Рядом с работой Андрея Бартенева, посвященной Виктору Цою.

«Мы живем в этом нуле»

— Появление «Ноль-объекта» (дырки в стенде, объявленные произведением искусства) даже для мира нонконформистов стало шоком. С другой стороны, он синонимичен «Черному квадрату» Малевича, который появился на 67 лет раньше. Авангард начала ХХ века сменился соцреалистической изобразительностью. А что пришло на смену «Ленинградскому нолю»?

— Тимур Новиков сам же создал новую изобразительность в виде неоакадемизма.

— Так что изменилось с 1982 года, с момента создания группы «Новые художники»?

— Мы живем в этом нуле, в ареале, который на горизонте очертили «Новые художники». Дело в том, что в 80-е годы некуда было пойти после восьми вечера, не было никаких молодежных кафе, ресторанов, клубов. Сегодня это трудно представить. Сидели по мастерским в лучшем случае или по коммуналкам. Но у людей чесались руки — хотелось заниматься творчеством. А если ты не член Союза художников, то купить краски и холсты ты просто не мог. Поэтому брали ножницы в руки, клей, журналы, делали аппликации, тут же снималось кино на коленке, создавались своя музыка, литература, мода. Возникла новая культура, в которой сегодня мы все живем. Сейчас можно пойти куда угодно, одеваться как хочешь. «Новые художники» показали, что искусство — образ жизни. Вслед за Давидом Бурлюком они воплотили футуристические идеи в повседневную практику.

— А то, что осталось после «Новых художников», то есть работы, аппликации, кино, скульптуры, — следы, документы искусства, а не само по себе искусство?

— Да, это плоды того, что они создали, той мерцающей смыслами новой культуры. В то же самое время на Западе работали Жан-Мишель Баския и Кит Харинг, которые за свою короткую жизнь создали интересные работы, которые стоят сегодня миллионы долларов. Но не культуру. А в Петербурге была создана именно культура, со своим кинематографом, музыкой (группа «Кино», Курёхин, «новые композиторы»), новым театром, новым университетом, модой, художественными сквотами, клубно-танцевальной культурой, рейвом. А в 90-е годы все это перетекло в неоакадемическую культуру.

— На этой почве за 40 лет выросло много всего, десятки, если не сотни видов субкультур…

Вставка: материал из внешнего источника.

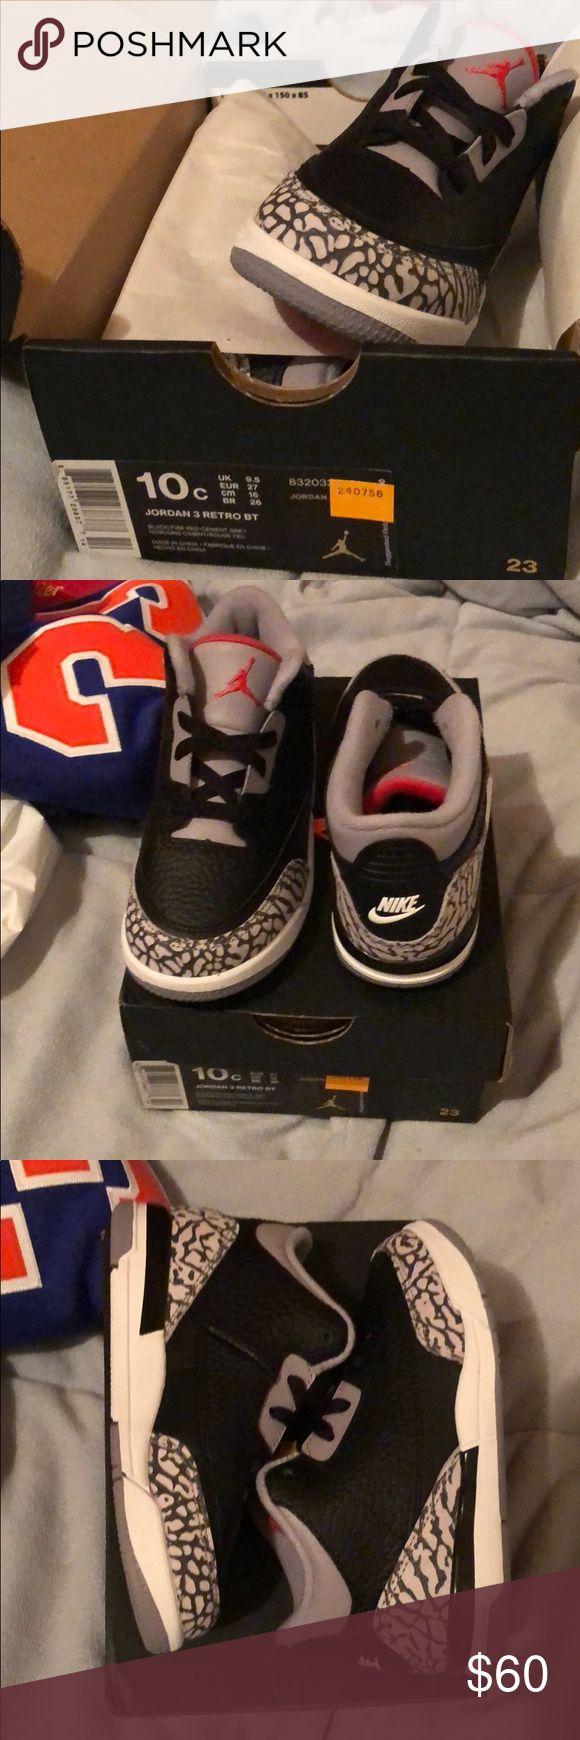 Size 10c Cement Jordan 3 OG Cement Jordan 3 OG size 10c Jordan Other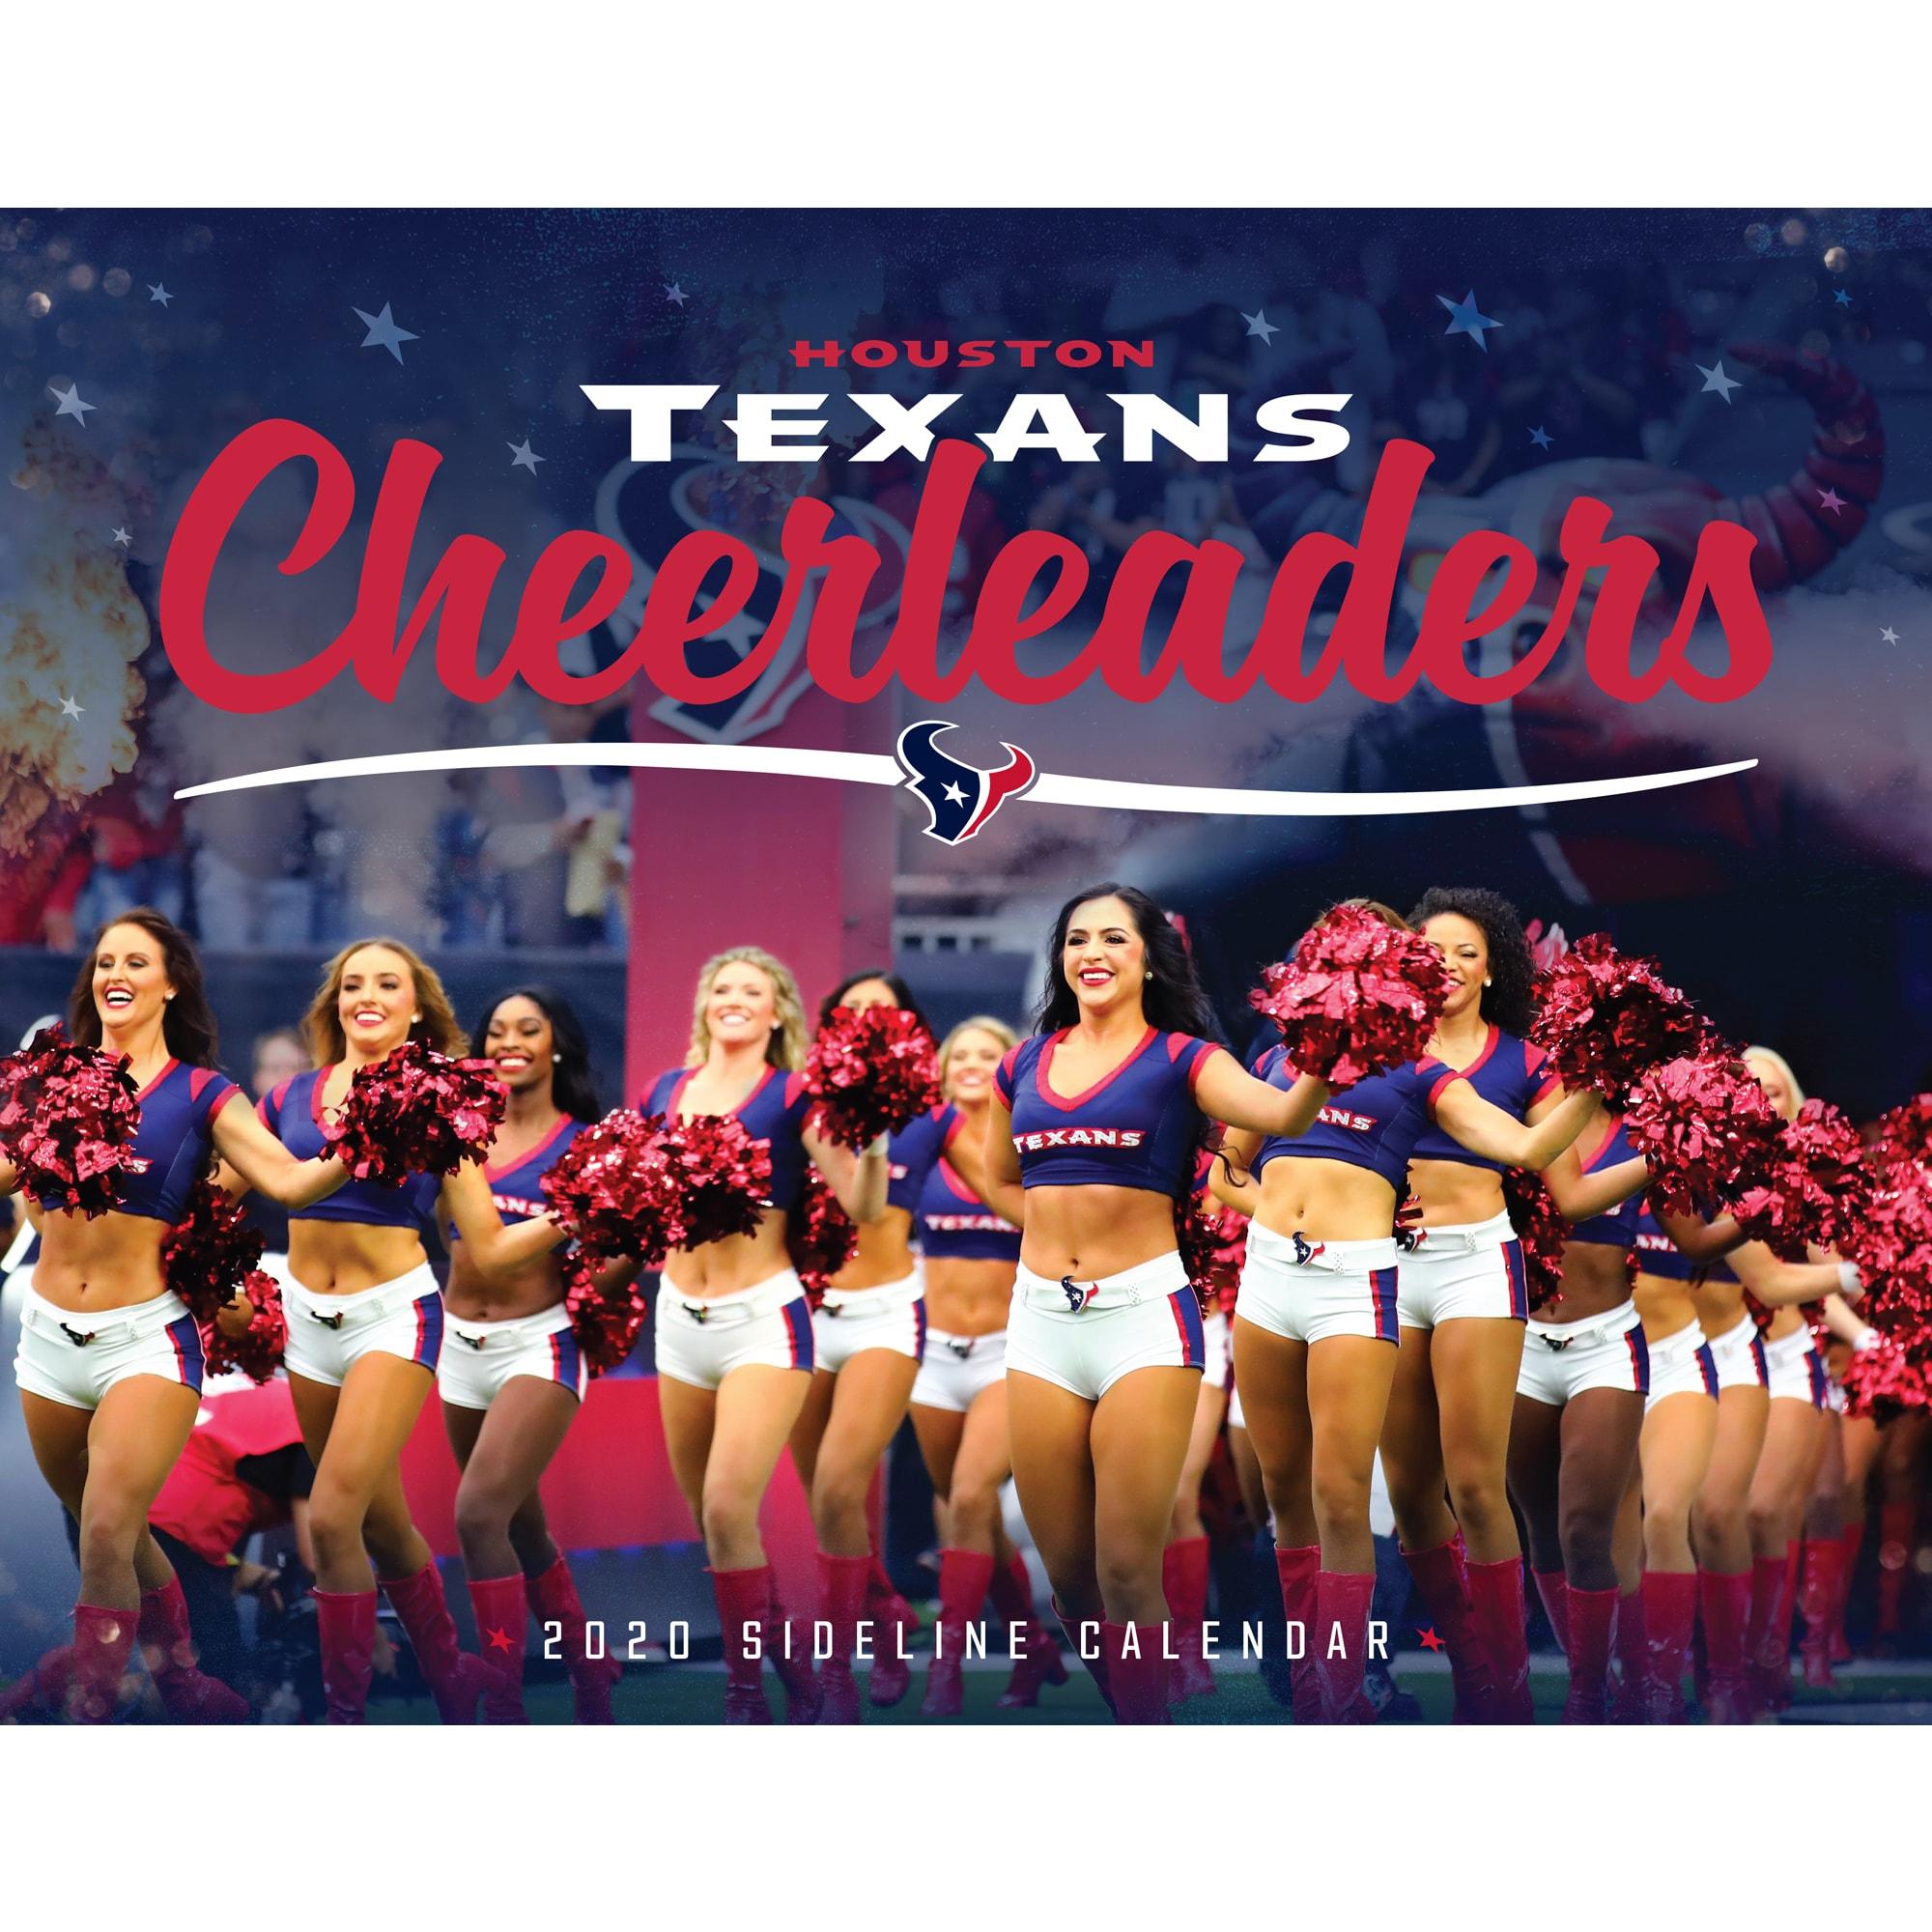 Houston Texans 2020 Cheerleaders Sideline Calendar

— Так и есть. Сейчас и в Москве, и в Петербурге, и в мире в целом нет мейнстрима в культуре. Если раньше абстрактный экспрессионизм сменялся поп-артом, а тот — концептуализмом, потом новой фигуративностью, то сейчас все существует одновременно. Причем это происходит не только в искусстве, но и в философии, музыке, литературе. А в восьмидесятые Тимур Новиков и его «Новые художники» создали мейнстрим из небольшого дружеского круга. На афише выставки 1988 года в ленинградском ДК Свердлова всего восемь имен, а свои работы туда принесли 30 человек. То есть тогда уже группа превратилась в движение. Когда Тимур Новиков понял, что это движение превращается в мейнстрим, ему стало скучно. И он тут же создал нечто новое — рейв и неоакадемизм. На этой выставке я показываю шлейф «Новых художников», который резонирует с современной жизнью.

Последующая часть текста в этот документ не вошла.